De beroepen zijn gegrond.
8.
In het hiervoor overwogene ziet de rechtbank aanleiding verweerder te veroordelen in de door eisers gemaakte proceskosten. Deze kosten stelt de rechtbank op grond van het Besluit proceskosten bestuursrecht voor de door een derde beroepsmatig verleende rechtsbijstand vast op € 974,-- (1 punt voor het indienen van het beroepschrift, en 1 punt voor het verschijnen ter zitting, met een wegingsfactor 1, € 487,- per punt). Verweerder dient tevens het betaalde griffierecht van € 160,- aan eisers te vergoeden.

Beslissing

De rechtbank:
- verklaart de beroepen van eisers gegrond;
- vernietigt het bestreden besluit en bepaalt dat verweerder een nieuw besluit neemt
met inachtneming van hetgeen hiervoor is overwogen;
- veroordeelt verweerder in de proceskosten ad € 974,-, te voldoen aan de
rechtsbijstandsverlener;
- draagt verweerder op het betaalde griffierecht van € 160,- aan eisers te vergoeden.
Deze uitspraak is gedaan door mr. P.H. Banda, voorzitter, en mr. M.M. van Veelen en mr. J.F.M.J. Bouwman, leden, in aanwezigheid van mr. J.T.M. Nijboer, griffier. De beslissing is in het openbaar uitgesproken op 18 juni 2014.
griffier voorzitter
Afschrift verzonden aan partijen op:

Rechtsmiddel

Tegen deze uitspraak kan binnen vier weken na de dag van verzending daarvan hoger beroep worden ingesteld bij de Afdeling bestuursrechtspraak van de Raad van State.
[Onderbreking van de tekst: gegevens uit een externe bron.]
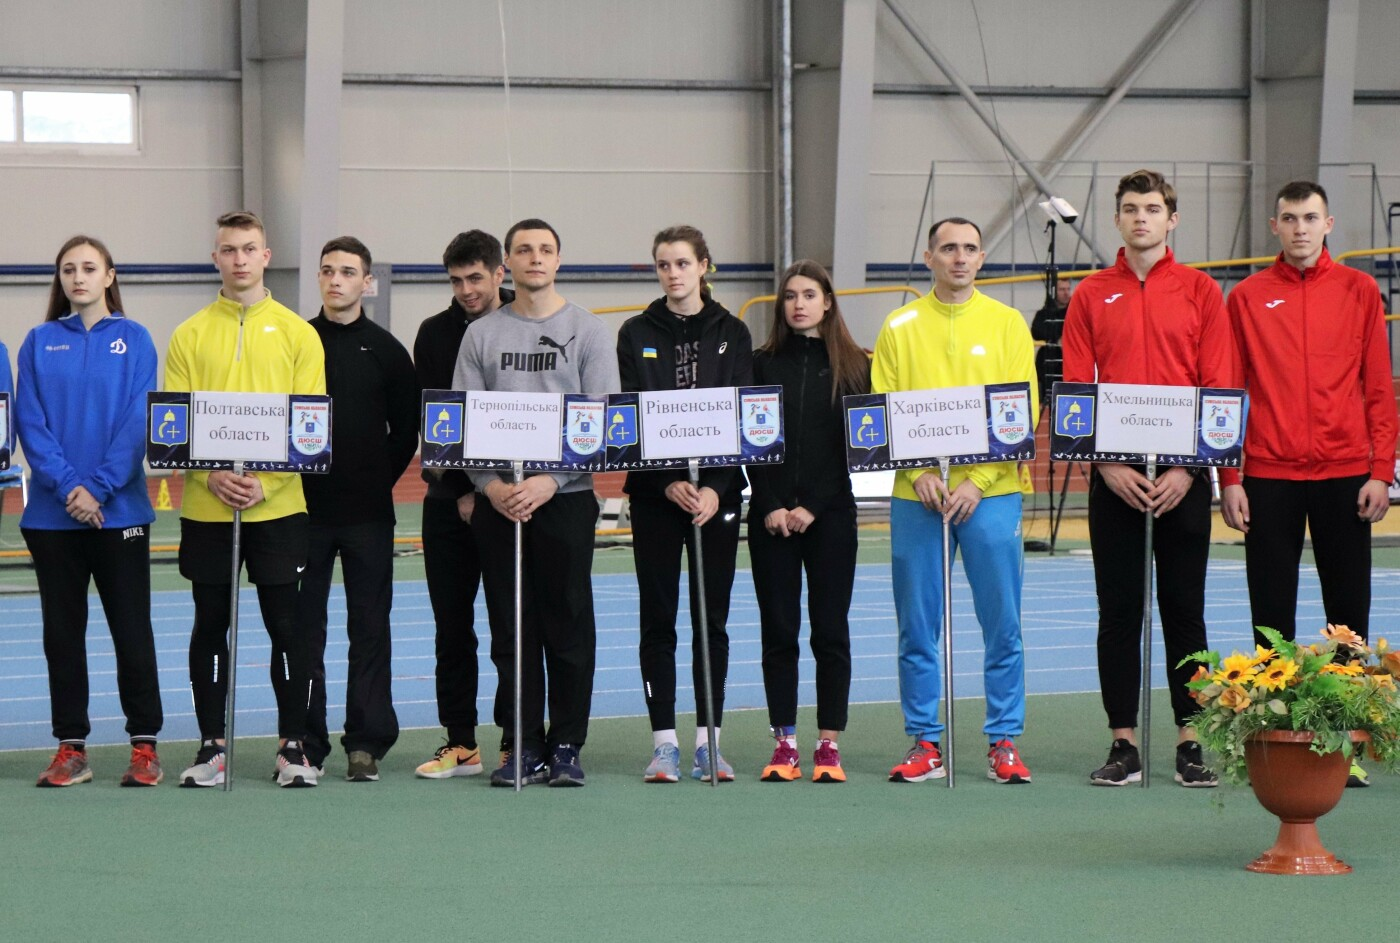 У Сумах змагаються легкоатлети України, Казахстану та Киргизстану, фото-4

Als hoger beroep is ingesteld, kan bij de voorzieningenrechter van de hogerberoepsrechter worden verzocht om het treffen van een voorlopige voorziening of om het opheffen of wijzigen van een bij deze uitspraak getroffen voorlopige voorziening. Artikel 85 van de Vw 2000 bepaalt dat het beroepschrift een of meer grieven tegen de uitspraak bevat. Artikel 6:6 van de Algemene wet bestuursrecht (herstel verzuim) is niet van toepassing.